What I Learned When My Ex-Husband Walked Out On My Son And Me


I am 29 years old; I have a 1-year-old, and I am about to be officially divorced.

There are so many times when I wish I could find just the right words, or do just the right thing to make someone feel better.

If only I had the words that could cure a broken heart, or the money to give a friend when he or she needs it most. If only I had a fast-forward button to get through the pain in life.

If only I could find the exact cure for my broken marriage.

The truth is, there is no cure-all. Life hurts, and new normals happen every single day. It's just the way the world works. Now, more than ever, I am learning it is all about how you talk to yourself and the choices you make based on your circumstances.

One of my biggest fears in life happened: My husband left two weeks before my son's first birthday.

It was out of the blue, and devastating cannot even begin to describe what I felt and continue to feel at certain moments throughout the day.

It also happened to be three weeks before our fourth wedding anniversary.

Because of the suddenness, I am still recovering from the shock. I think he is too, in a way. For weeks, we didn't talk. And then, five weeks after he left, the papers came.

The papers came the day after we finally started talking about what went wrong.

None of this made sense. We loved each other. We were happy. We were educated, and we communicated. We had good jobs, a beautiful house and the most precious little boy we could have ever dreamed of.

My husband even encouraged me to quit my teaching job so I could stay home with our son. Our new normal was just beginning. I thought we were both excited at the possibilities.

But my husband obviously wasn't happy. Without communicating to me, in what felt like a split-second decision, he decided he didn't want this life anymore.

I thought having a baby would be one of the biggest life changes, and in a way, it was.
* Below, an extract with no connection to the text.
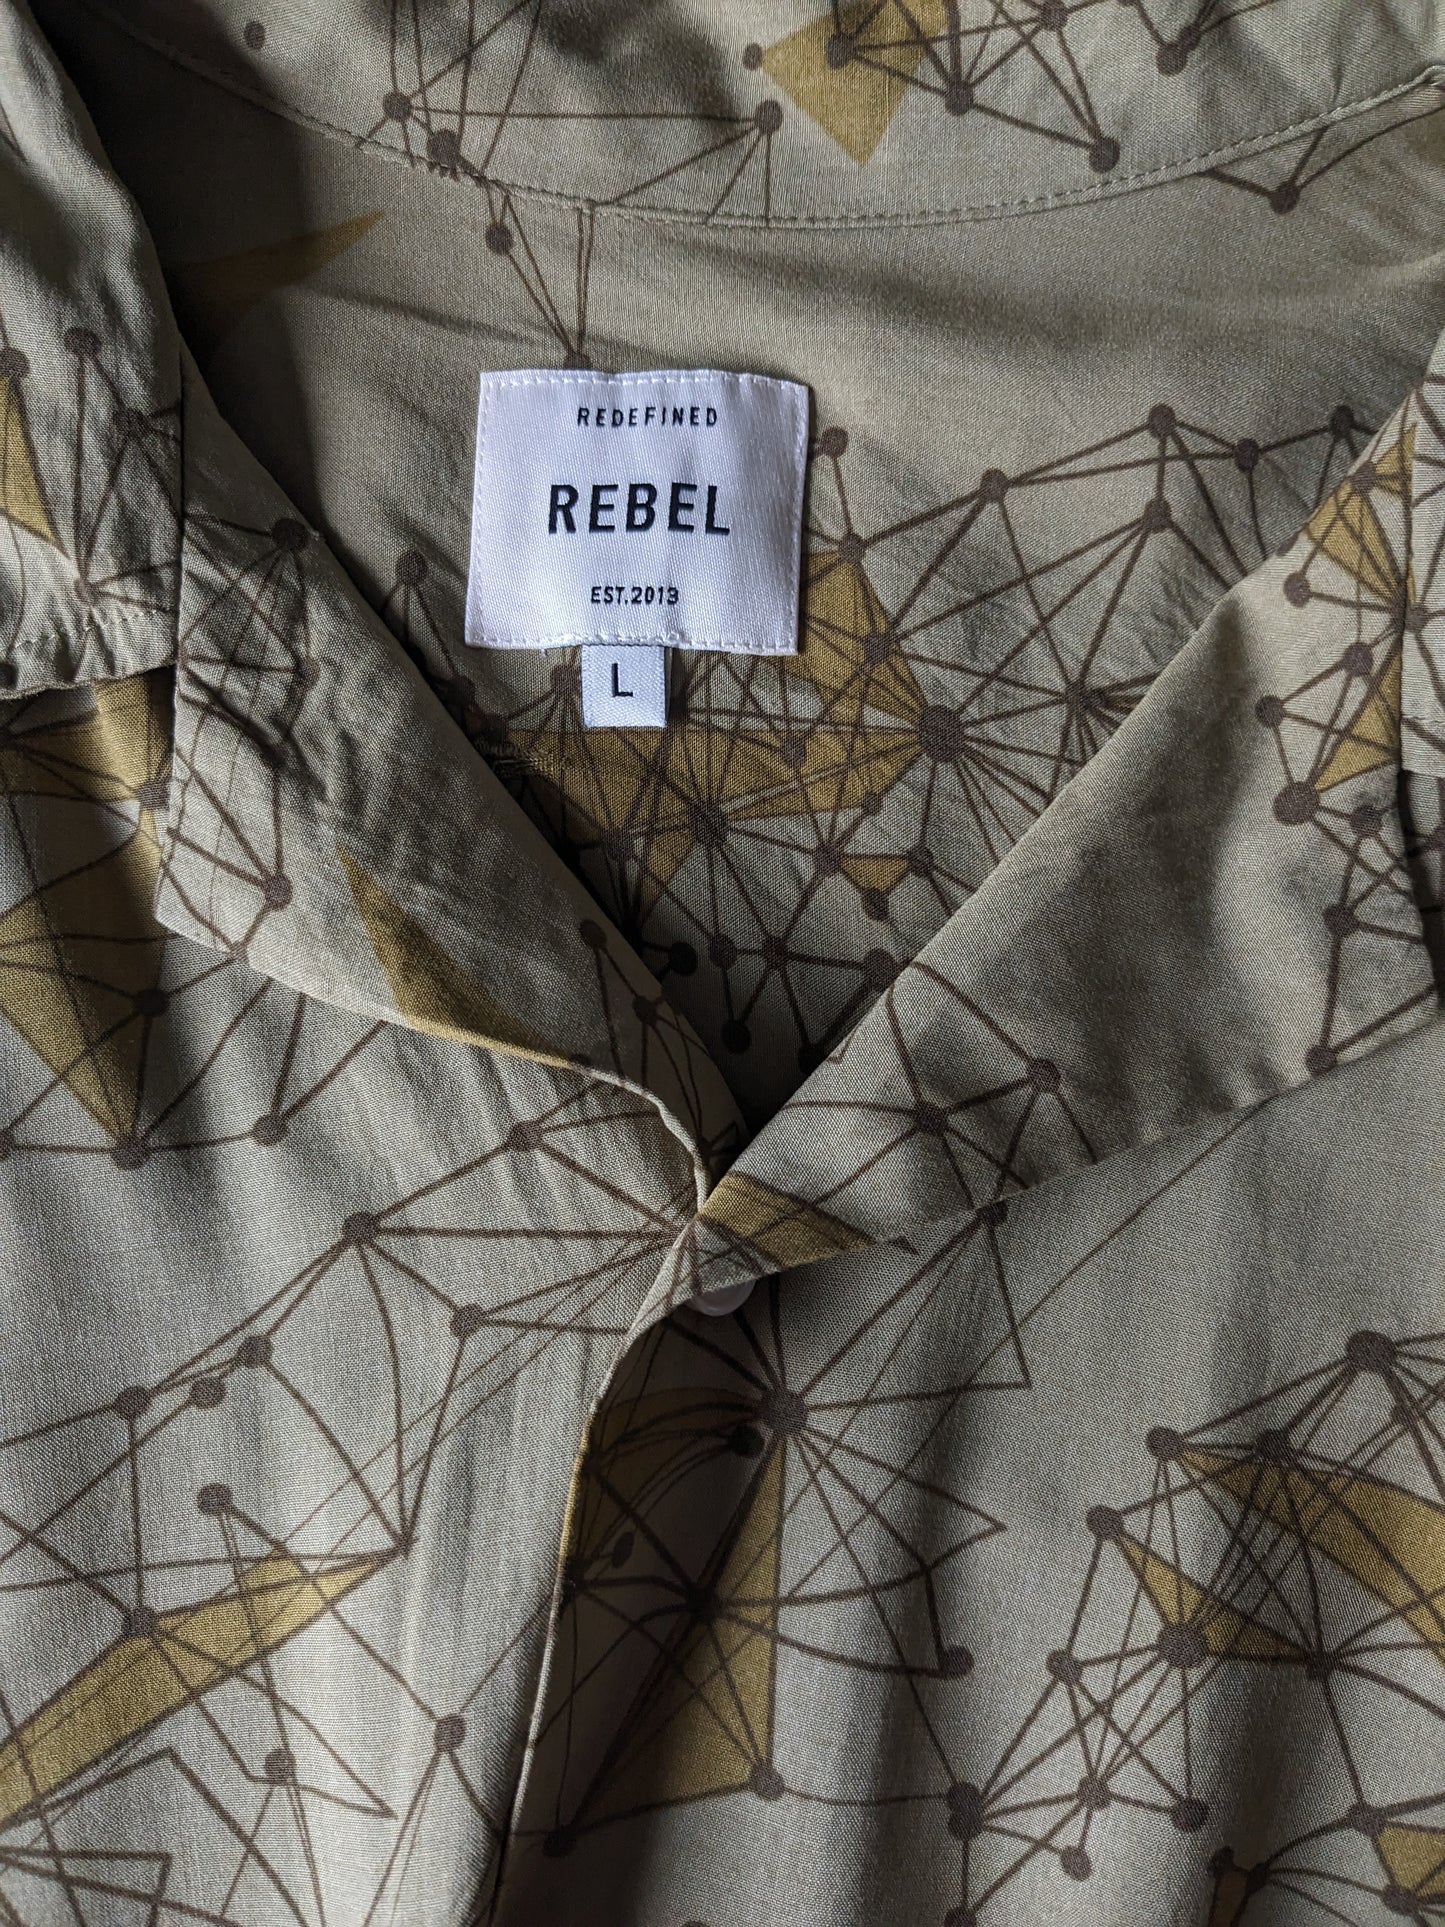 Rebell -Druck -Shirt Kurzarm. Grüner Druck. Größe L / XL.
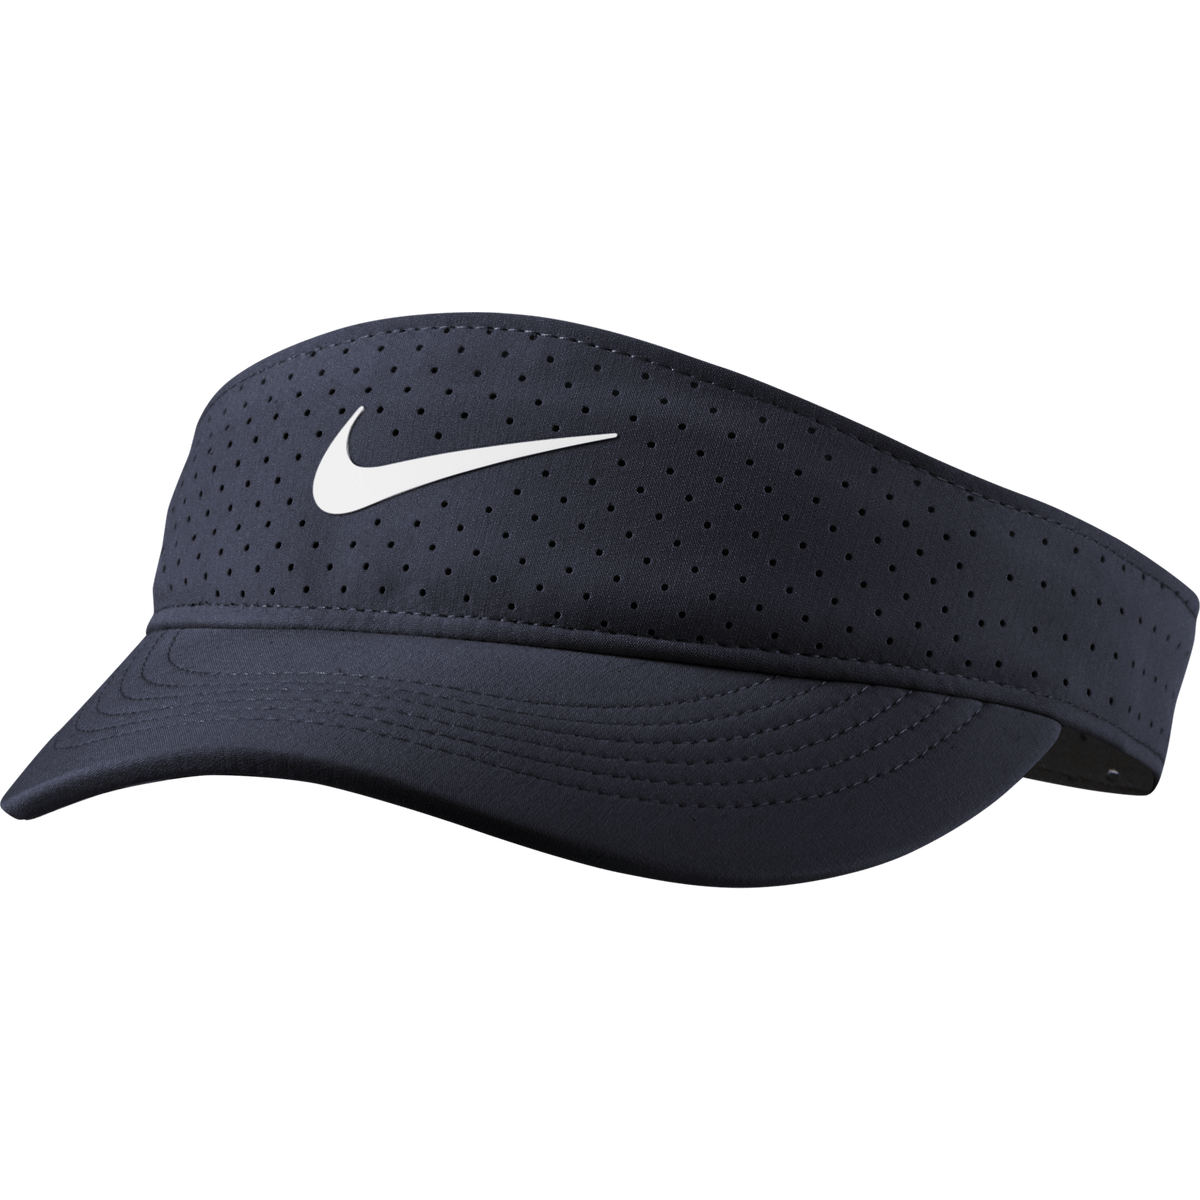 Women's Nike AeroBill Breathable Tennis Visor

But then, when your marriage suddenly falls apart and you are trying to figure out your next life step, there is a whole new ball game. You literally have no idea what your tomorrow might look like.

Marriages are bound to change. I knew that when I got married. Talk to anyone who has been married for longer than five years, and he or she will tell it like it is.

Anyone who has been married will tell you marriages ebb and flow. It's the way we were designed; it's the very essence of marriage. You live and grow together, but sometimes, you grow apart.

Sometimes it just blows up, and you are left wondering what just happened.

Whatever the reason may be, unfortunately, marriages do end. Marriages are also put on pause.

And when you are at the point where yours may be ending, it is hard to know what your new life might look like. You live in a state of uncertainty and confusion.

It's the strangest feeling; you want desperately for the final decision to be made, but you also don't want to rush anything. You want to hold on to hope and a miracle.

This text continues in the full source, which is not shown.